ACTIVITY: Beneath this line sits some data. Return only its lines from the one holding "MATERIALS FOR RECYCLE" through the one holding "The Mappin &", inclusive, exactly, with the images removed.

INPUT:
"""

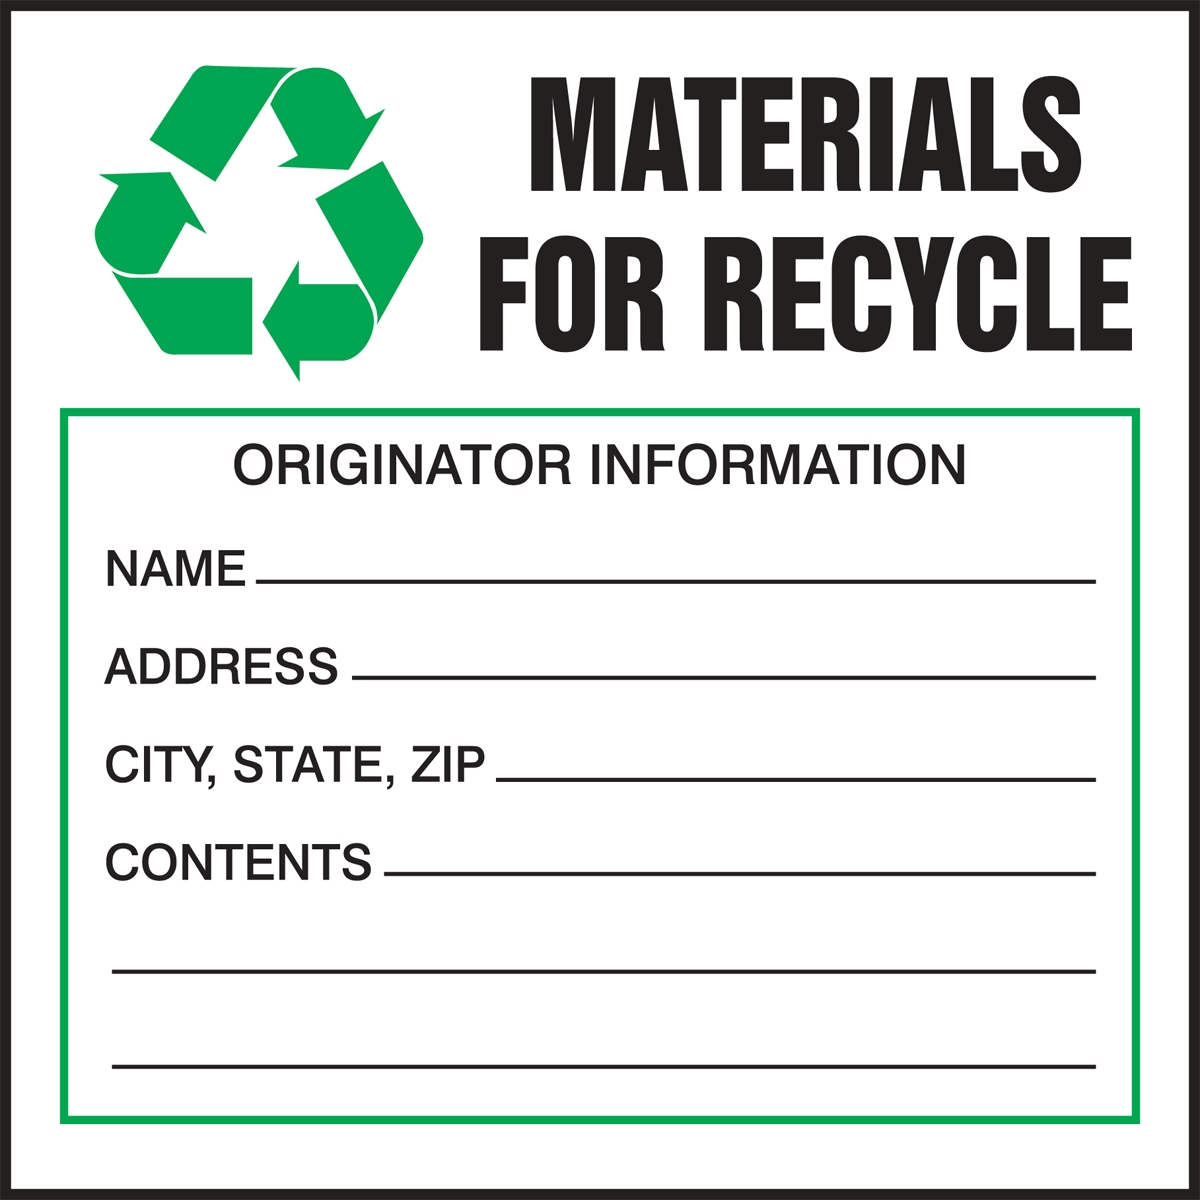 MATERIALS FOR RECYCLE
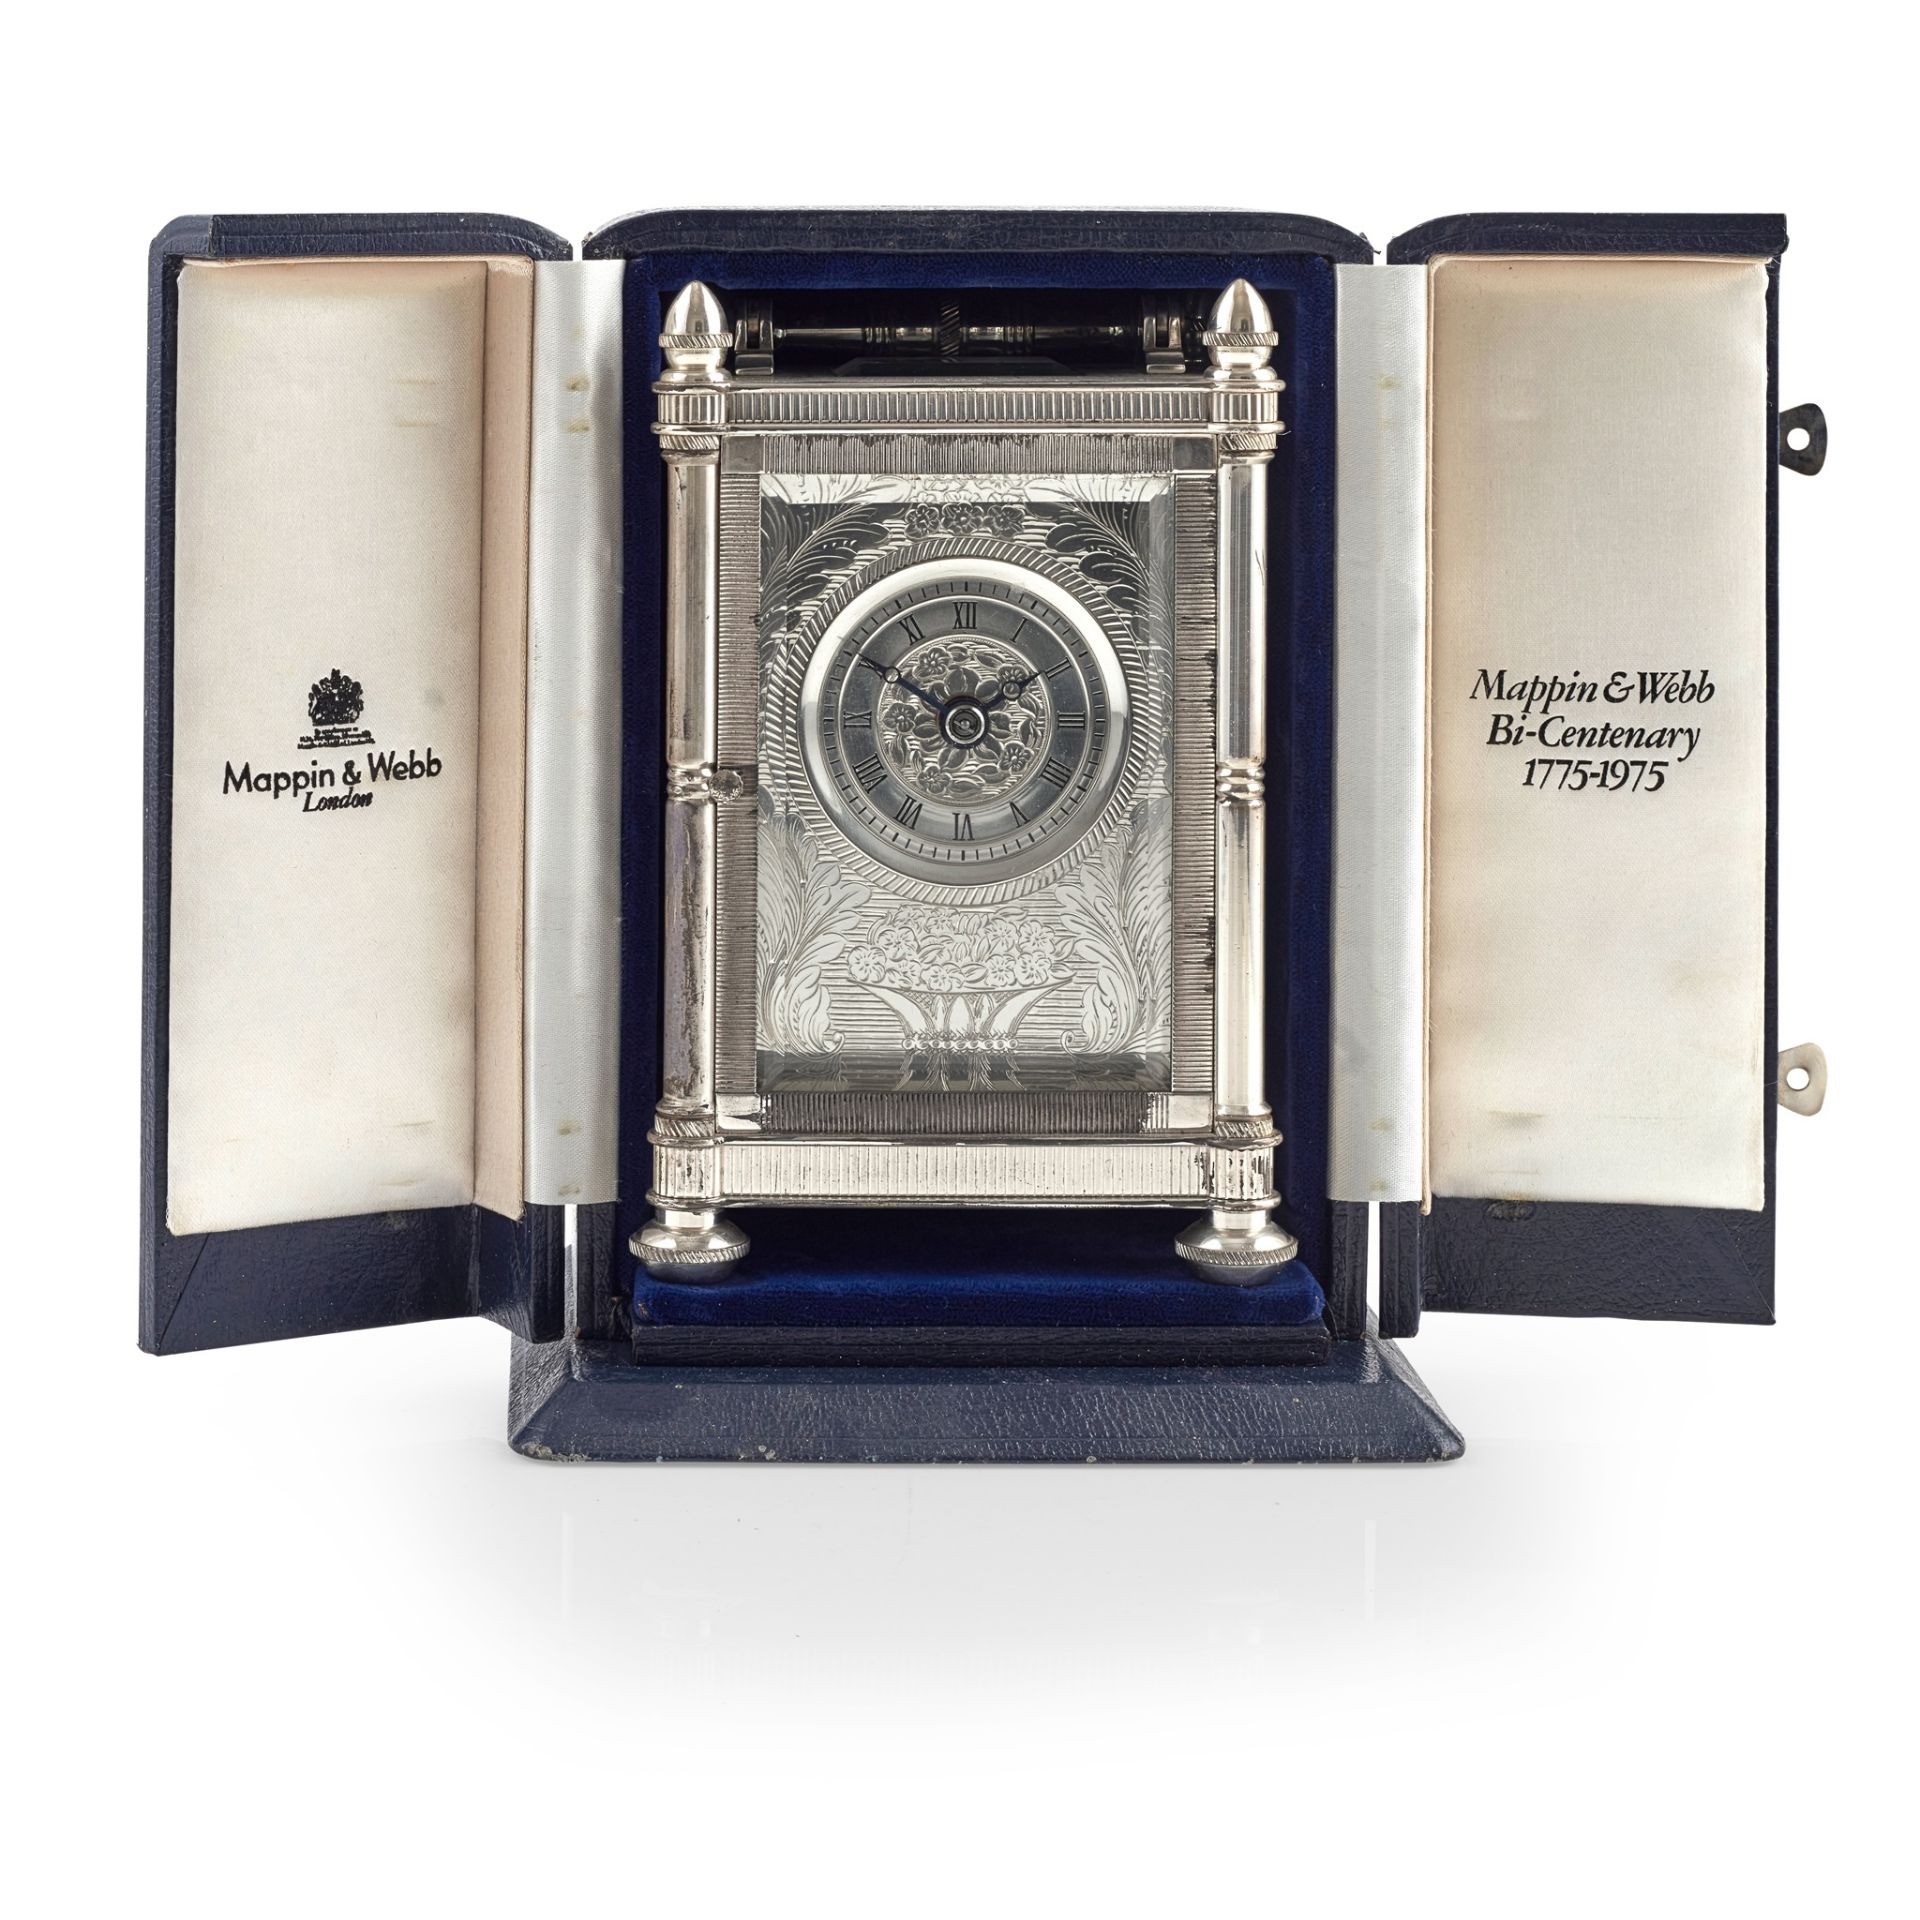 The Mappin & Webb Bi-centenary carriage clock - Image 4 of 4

"""
"""

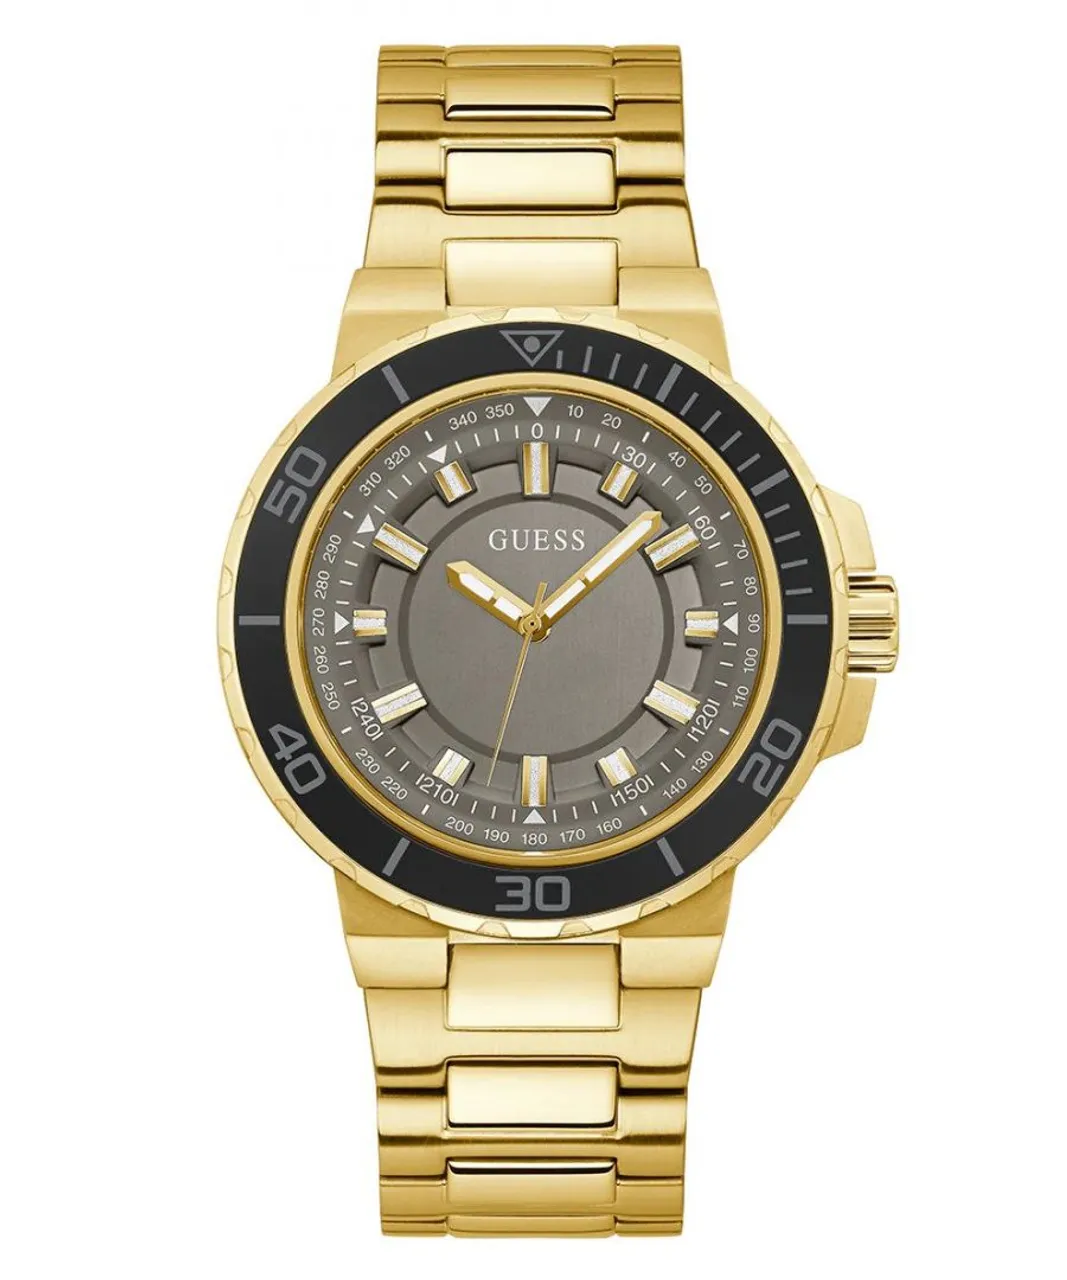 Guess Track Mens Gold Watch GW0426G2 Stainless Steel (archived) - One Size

"""

TASK SOLUTION:
 MATERIALS FOR RECYCLE
 The Mappin & Webb Bi-centenary carriage clock - Image 4 of 4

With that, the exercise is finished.